This bulletin provides estimates of the profitability of UK-based private non-financial corporations (PNFCs). PNFCs comprise UK continental shelf (UKCS) companies and other non-financial UK (non-UKCS) companies. Non-UKCS companies are further split into manufacturing companies, companies providing non-financial services and other industries (including construction, electricity and gas supply, agriculture, mining and quarrying).

UKCS companies engage in oil and natural gas exploration or extraction. This only includes companies operating on the UK continental shelf – the area where the UK claims mineral rights beyond the territorial waters. Owing to the nature of the industry, UKCS companies tend to be very capital-intensive and so require high levels of capital investment to operate. They also report high levels of depreciation of their fixed assets. For these reasons, the net rate of return for UKCS companies is not directly comparable with those for other sectors.

No revisions to the net rates of return for PNFCs for previous quarters have been made and this is consistent with the GDP quarterly national accounts and Quarterly sector accounts published on 28 June 2019.

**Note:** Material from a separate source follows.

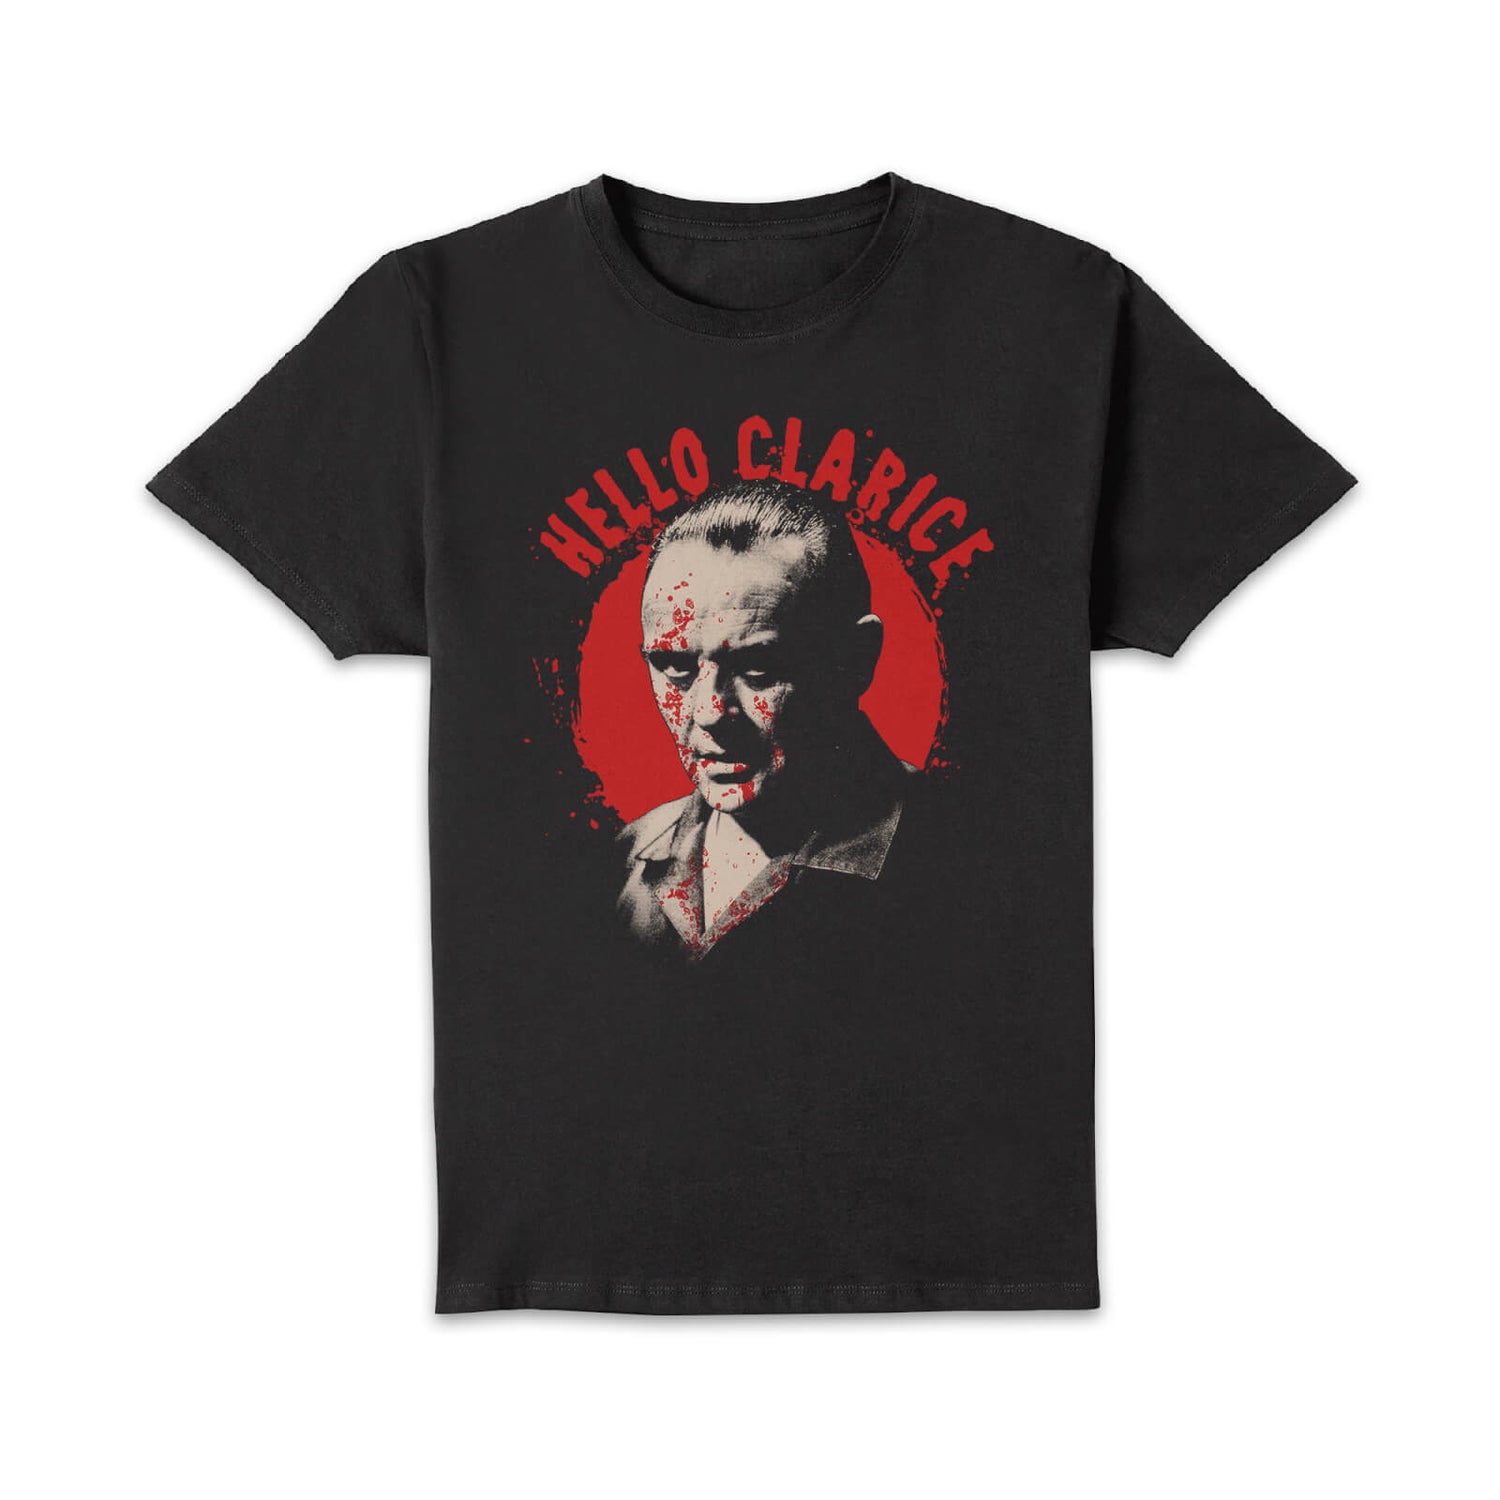 Hello Clarice Unisex T-Shirt - Black

How do we measure profitability?

Net rate of return is used as the measurement of company profitability throughout this bulletin, except in the international comparisons section. The rate of return is calculated as the economic gain (profit) shown as a percentage of the capital used in production. 'Net' refers to the rate of return after having accounted for the current value of capital consumed and capital stocks. Capital consumed refers to the decline in the current value in the stock of fixed assets (for example, due to depreciation). Gross rates of return are available in the dataset with this release.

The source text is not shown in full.